YOUR OBJECTIVE: Please print the line that holds "Busy street crossing" and each line after it to the end of the data, word for word, without any pictures.

INFORMATION PROVIDED:
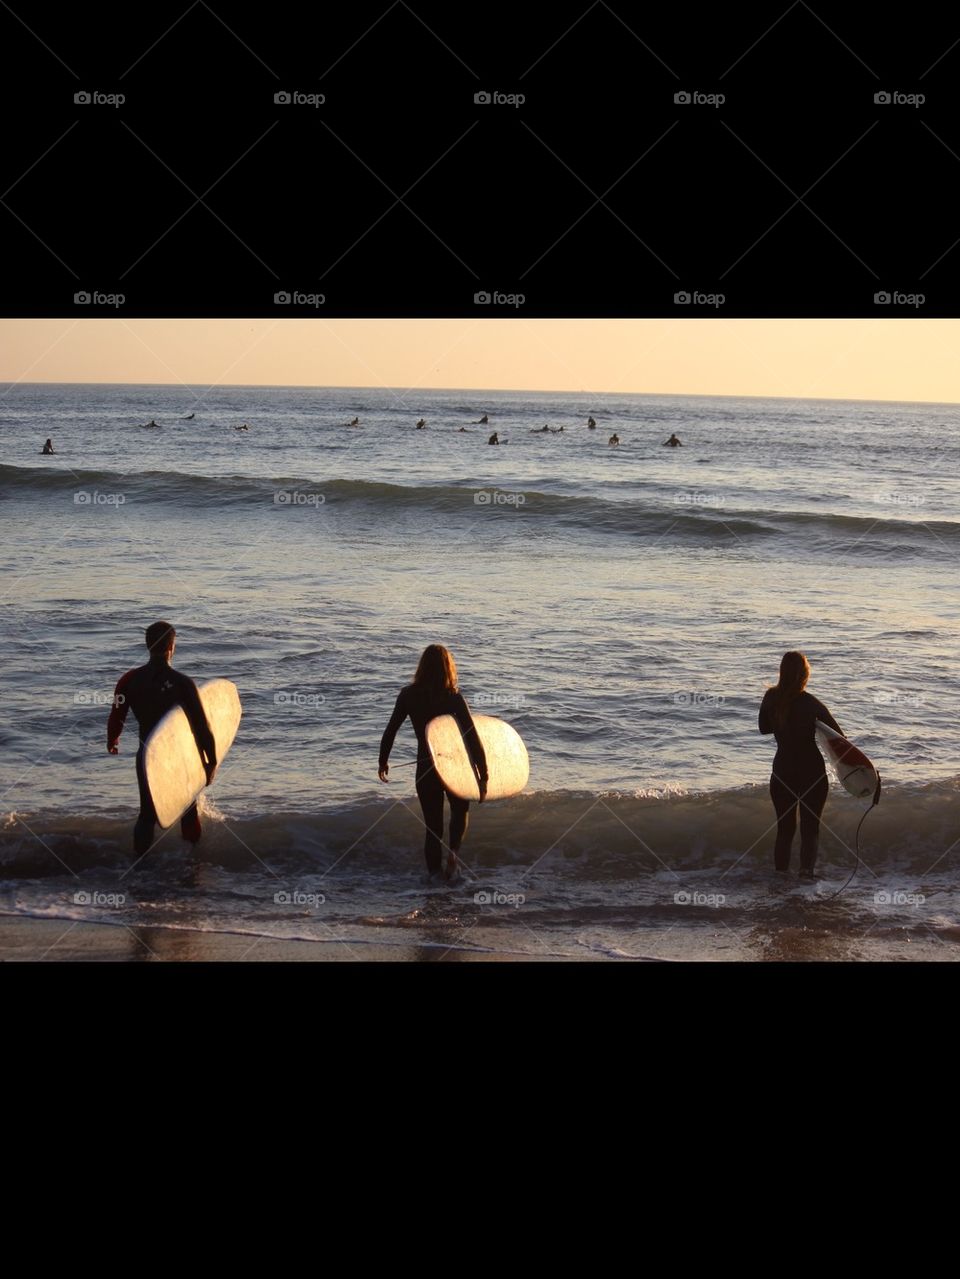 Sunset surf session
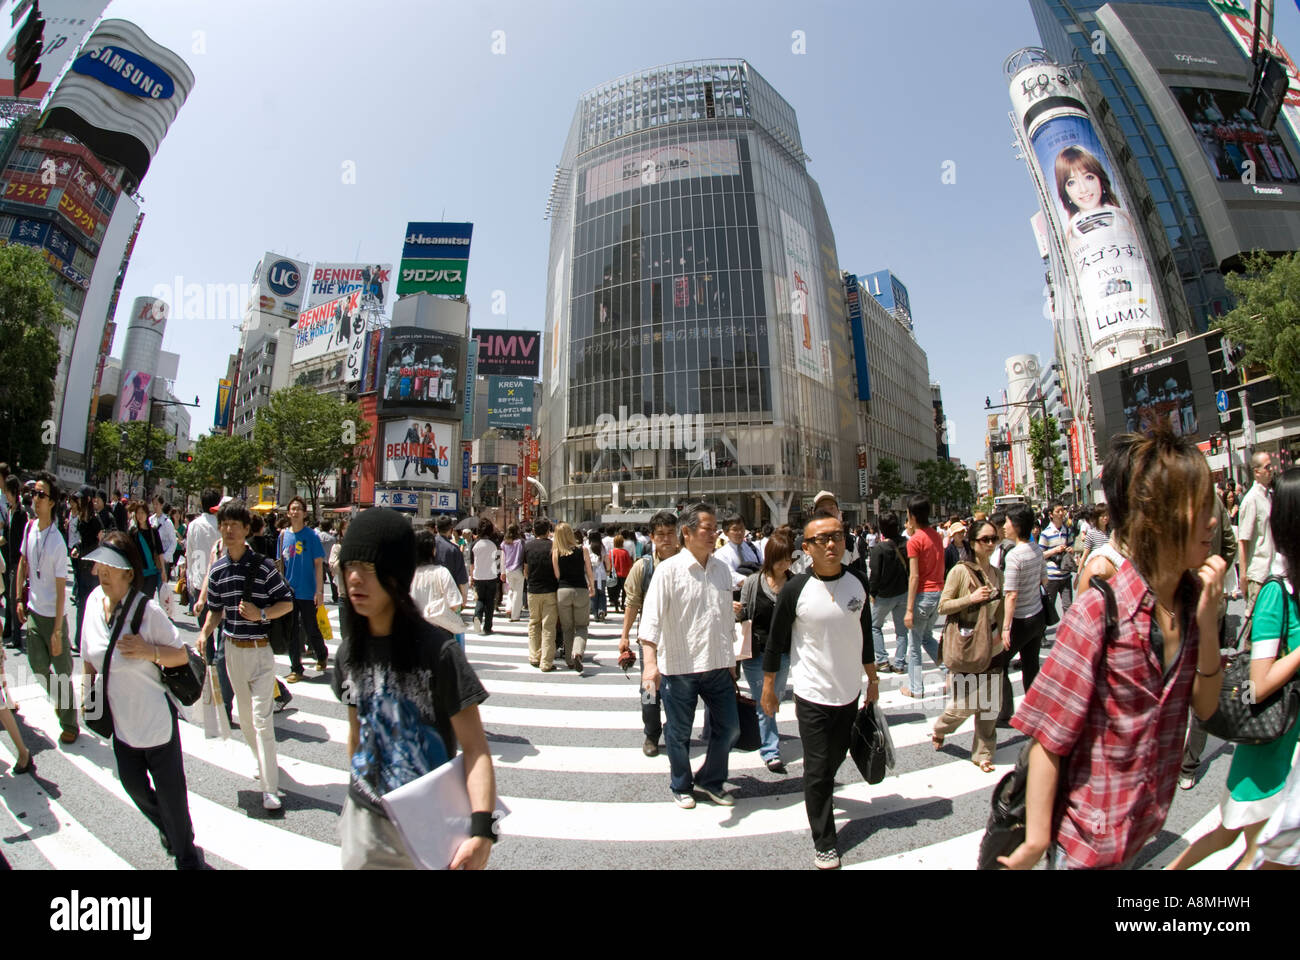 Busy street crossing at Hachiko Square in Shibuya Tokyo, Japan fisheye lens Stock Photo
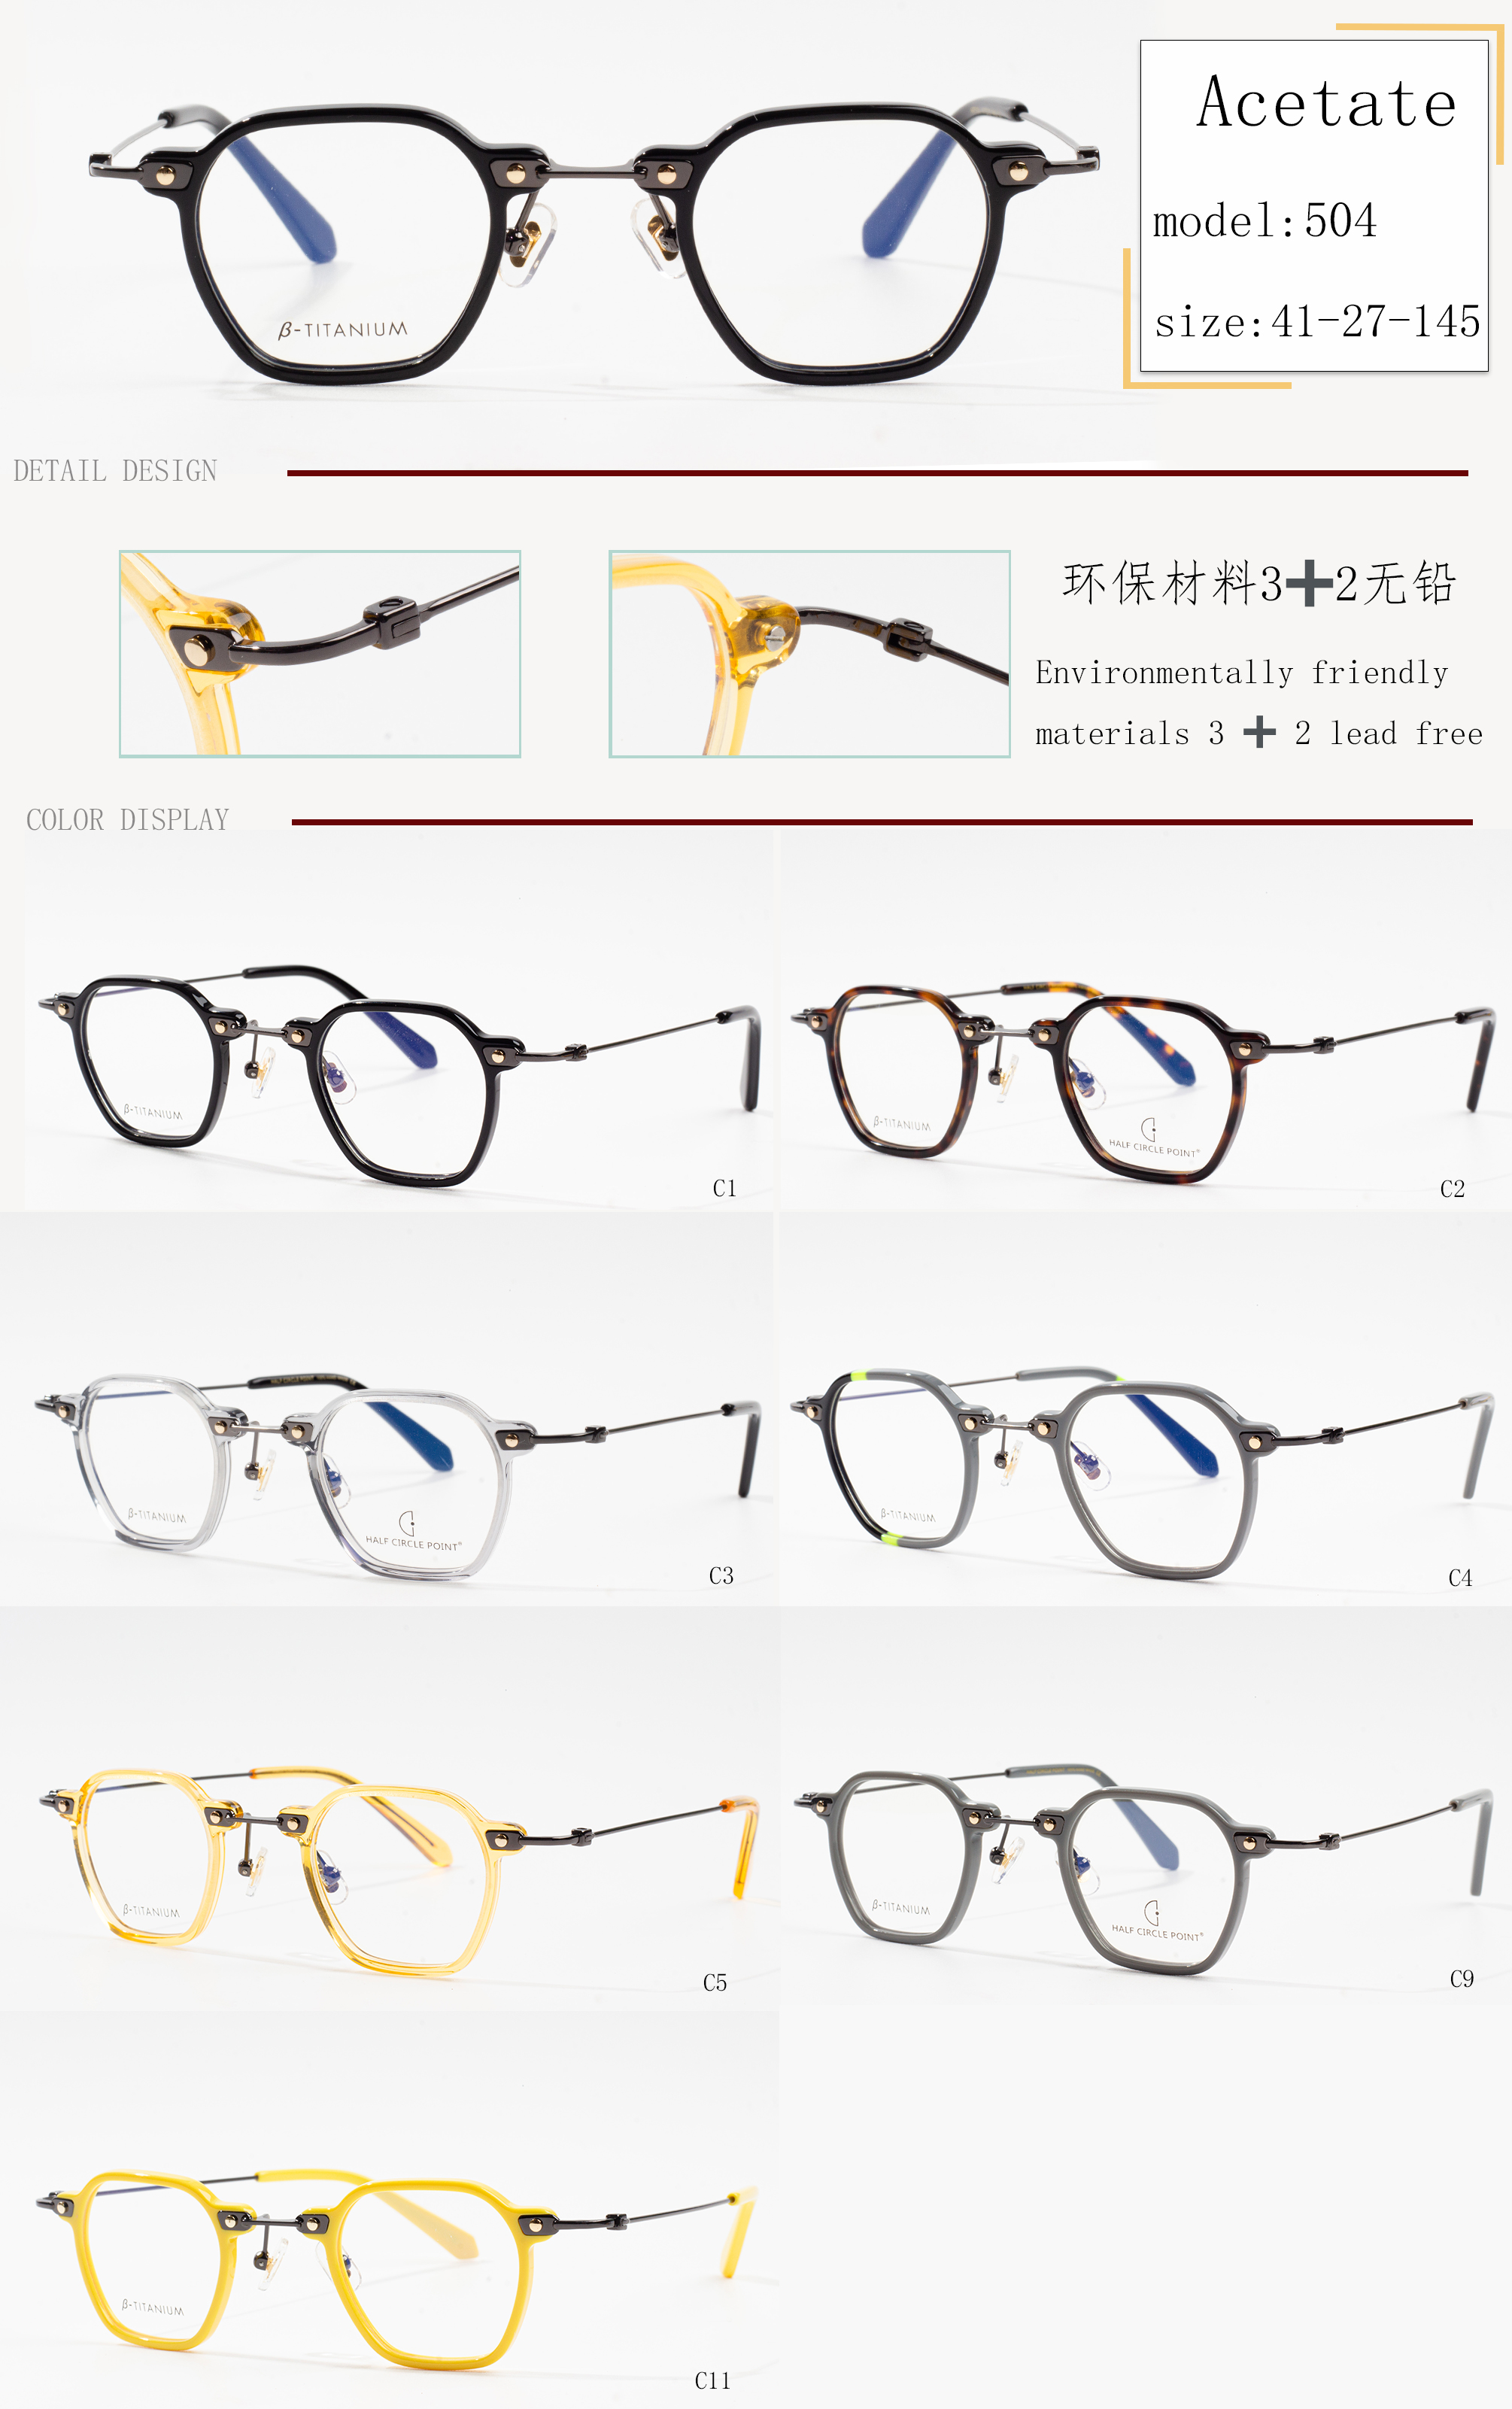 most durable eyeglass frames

WRITTEN RESPONSE:
 Busy street crossing at Hachiko Square in Shibuya Tokyo, Japan fisheye lens Stock Photo
 most durable eyeglass frames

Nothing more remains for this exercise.